Some lines that read naturally to me were:
"I ENtered WITH his CROWNéd FIGure TURNed"
"Our SWORDS echOing THROUGH the BATTlements."
Also, if I'm not mistaken, there are a few lines that are only 9 syllables.
I know it's near impossible to avoid some awkwardness when writing in iambic
pentameter, because it's so confining relative to the natural structure of
sentences. I think the story here is great, and I don't mean to take anything
from it.
I apologize if I need to come back and rerate later.

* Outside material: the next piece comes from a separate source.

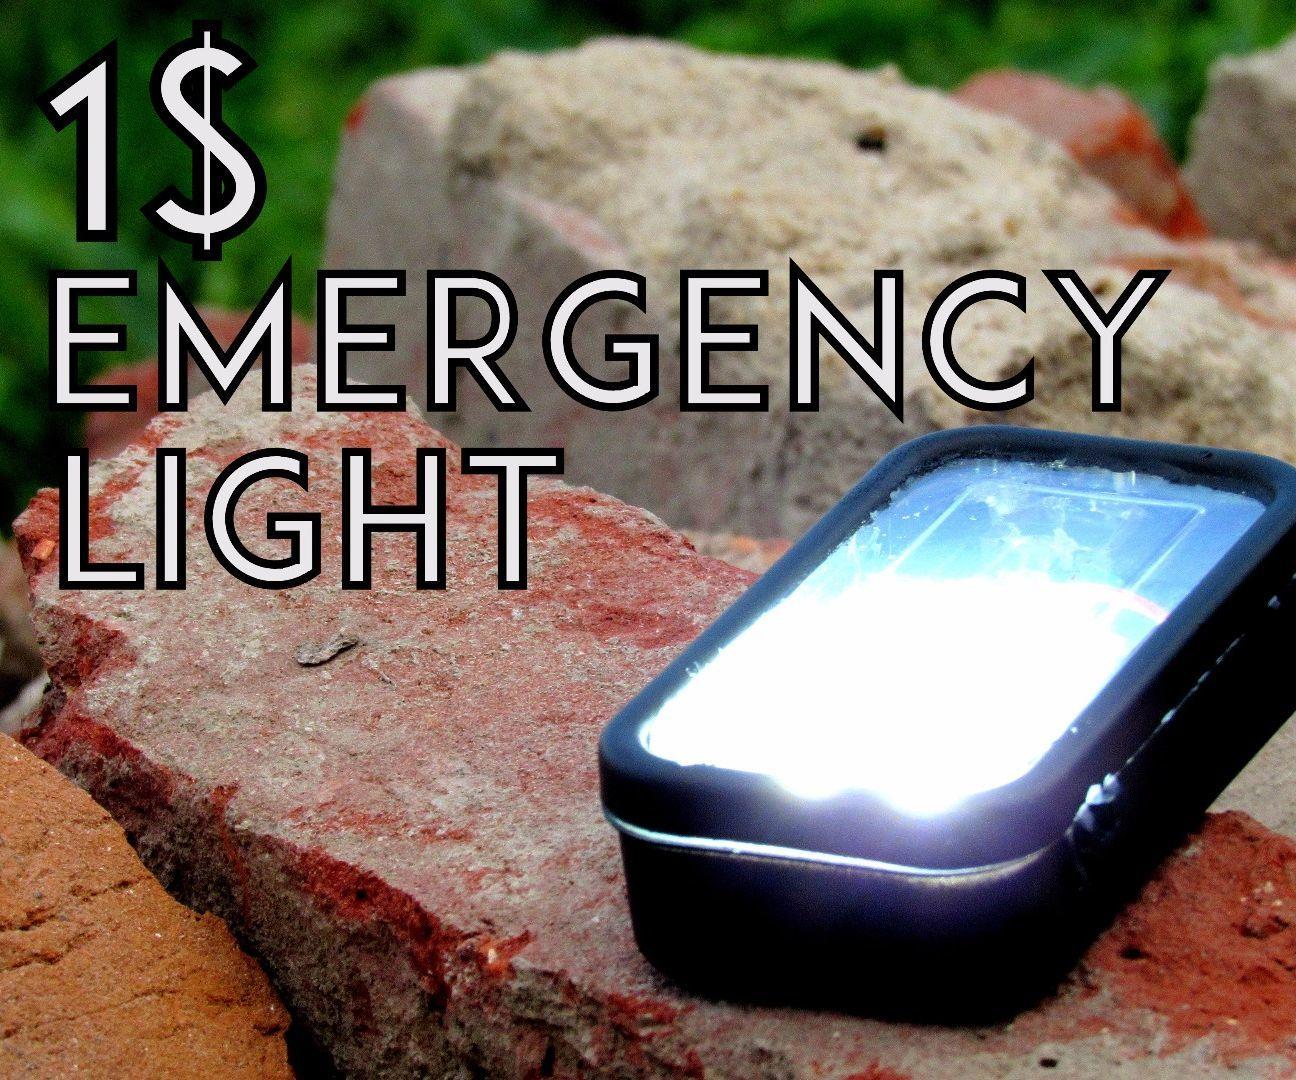 How to make a 1 $ Pocket Emergency Light

Submitted by Bubba2341 (user info) at 2007-04-15 15:01:57 EDT (#)
Ranking: 2
Submitted by beeltea (user info) at 2007-04-15 13:54:05 EDT (#)
Ranking: 0
Your rhythm either needs a lot of work
Sac, this is in perfect iambic pentameter. The only line that isn't is "tomorrow..." which is quoted. What do you mean?
***********
Erm....it isn't in perfect iambic pentameter. The short/long short/long of iambic is deviated from several times, and extra words/syllables in some lines throws off the rhythm, which I think is what Sac was saying.

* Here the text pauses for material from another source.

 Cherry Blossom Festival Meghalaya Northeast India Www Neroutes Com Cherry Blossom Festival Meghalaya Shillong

Regardless of the technical shit, it was well done. It goes without saying you will need to tighten up if you come up against The Orgasmatron...
Submitted by lungfish (user info) at 2007-04-15 14:24:33 EDT (#)
Ranking: 2
And I made no attempt at iambic, much less pentameter. I'm done now. I love beer.
Submitted by beeltea (user info) at 2007-04-15 14:24:17 EDT (#)
Ranking: 0
yes, it should be mine ear. At one time it was... i don't know why i changed it.
Submitted by lungfish (user info) at 2007-04-15 14:19:07 EDT (#)
Ranking: 2
*mine* ear
Call me Elizabethan Bubba, but don't critique my Elizabethan rap post. I made some mistakes.
Submitted by beeltea (user info) at 2007-04-15 13:54:05 EDT (#)
Ranking: 0
Your rhythm either needs a lot of work
Sac, this is in perfect iambic pentameter. The only line that isn't is "tomorrow..." which is quoted. What do you mean?
Submitted by ahumblefool (user info) at 2007-04-15 12:04:04 EDT (#)
Ranking: 2
Wow, that is all I can say.
Submitted by Sacrilicious (user info) at 2007-04-15 09:47:14 EDT (#)
Ranking: 2
Oh wow- you DID get the spot- very nice.
Submitted by Sacrilicious (user info) at 2007-04-15 09:44:54 EDT (#)
Ranking: 2
Your rhythm either needs a lot of work, or you might want to discard it altogether. But otherwise, this was wonderful.
Your matchup last round was one of the best. I wish you had moved on as well as CT; that was a great entry.
Submitted by street-pirate (user info) at 2007-04-15 09:36:51 EDT (#)
Ranking: 2
No Comment
Submitted by The_taste_of_Monkeys (user info) at 2007-04-15 09:28:43 EDT (#)
Ranking: 2
You would have thrashed even O with this.
Submitted by lungfish (user info) at 2007-04-15 04:27:54 EDT (#)
Ranking: 2
I lived in Kemnay.
Submitted by lungfish (user info) at 2007-04-15 04:27:35 EDT (#)
Ranking: 2
Not to mention Scotland.
Submitted by lungfish (user info) at 2007-04-15 04:19:12 EDT (#)
Ranking: 2
Oh...what the hell. I'm not supposed to be rating these. Who are you up against?
Normally, anything with Shakespearean references gets a +2 from me...especially after the D'Backs win in my physical presence and I've been drinking a while.